One noteworthy comment I’ve heard from many of them — especially the ones around 40ish years of age and older — is that contemporary liberals, in demeanor, remind them much more of the “up-tight” conservatives of their younger years than contemporary conservatives do.Report
You make a fair point. Maybe only part of the reason for the relative lack of interest in philosophy among *some* conservatives is, like I suggested, that it questions/challenges tradition (religious, political, or familial), but this is likely not the full explanation. I took a lot of philosophy classes in which my professors’ vocal liberal biases would have turned conservatives off. Maybe conservatives in your friends’ traditions would be turned off by this and think it to be a kind of “uptight” adherence to a non-traditional morality.

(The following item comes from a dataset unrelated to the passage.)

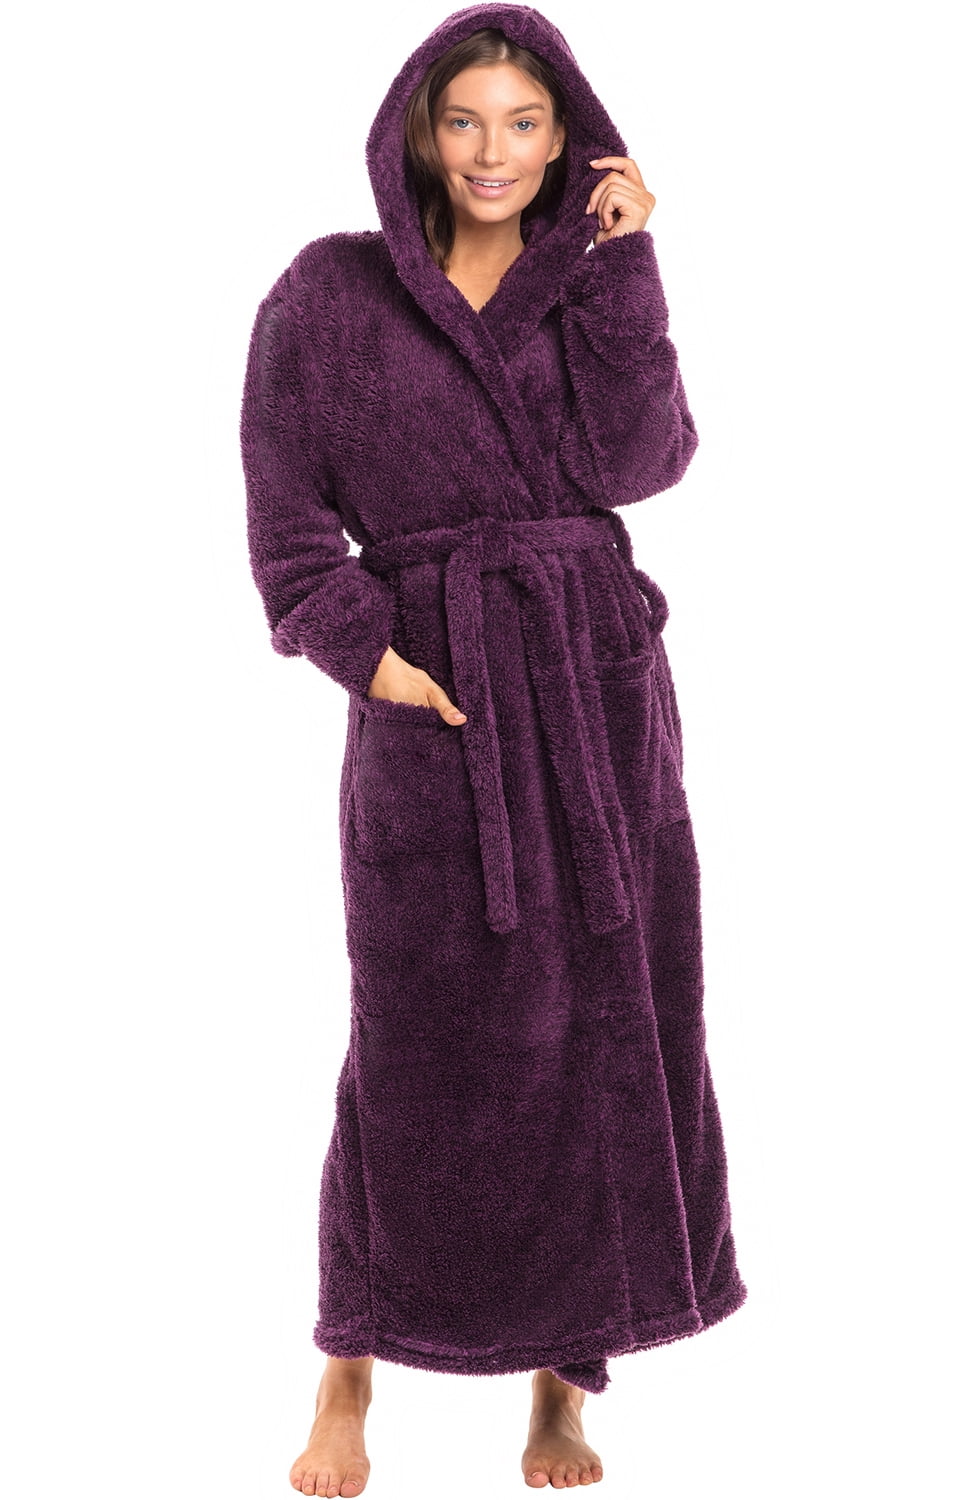 Plush Fleece Hooded Bathrobe with Two Large Front Pockets Alexander Del Rossa Women’s Robe

Another hypothesis (and this one is even more speculative, so my apologies) is that *some* conservatives value more practical majors like business, economics, etc. that lead to more lucrative careers. Philosophy, like other humanities majors, might appear to them to be a waste of time. Maybe this is a sentiment held by some of your friends, as well?

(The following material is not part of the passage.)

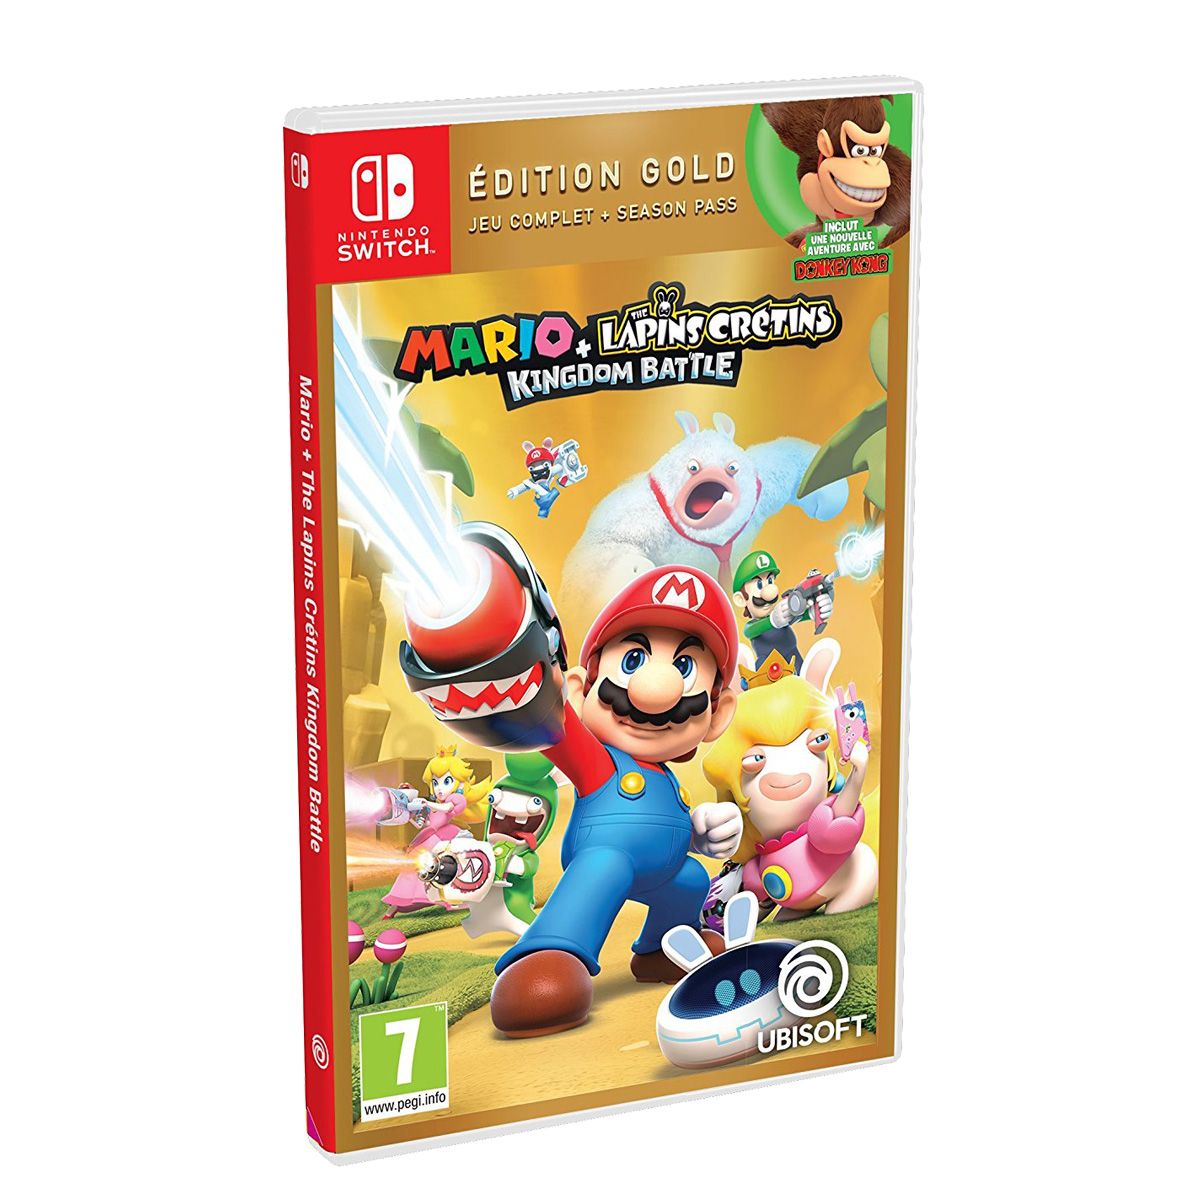 Mario + The Lapin Crétins Kingdom Battle Edition Gold Nintendo Switch

The lack of interest probably has several causes, some of which professional philosophers could (and should) control (e.g. vocal liberal biases) and others that are maybe just inherent to the discipline and inherent to conservative values.
Whatever the causes, I wish they weren’t so. I teach in a relatively conservative area (Fresno, CA), and I’d like to have more conservatives interested in the field. Philosophy, especially the intro courses I teach as a community college professor, is much more fun to teach when there are multiple, strong opinions being argued for.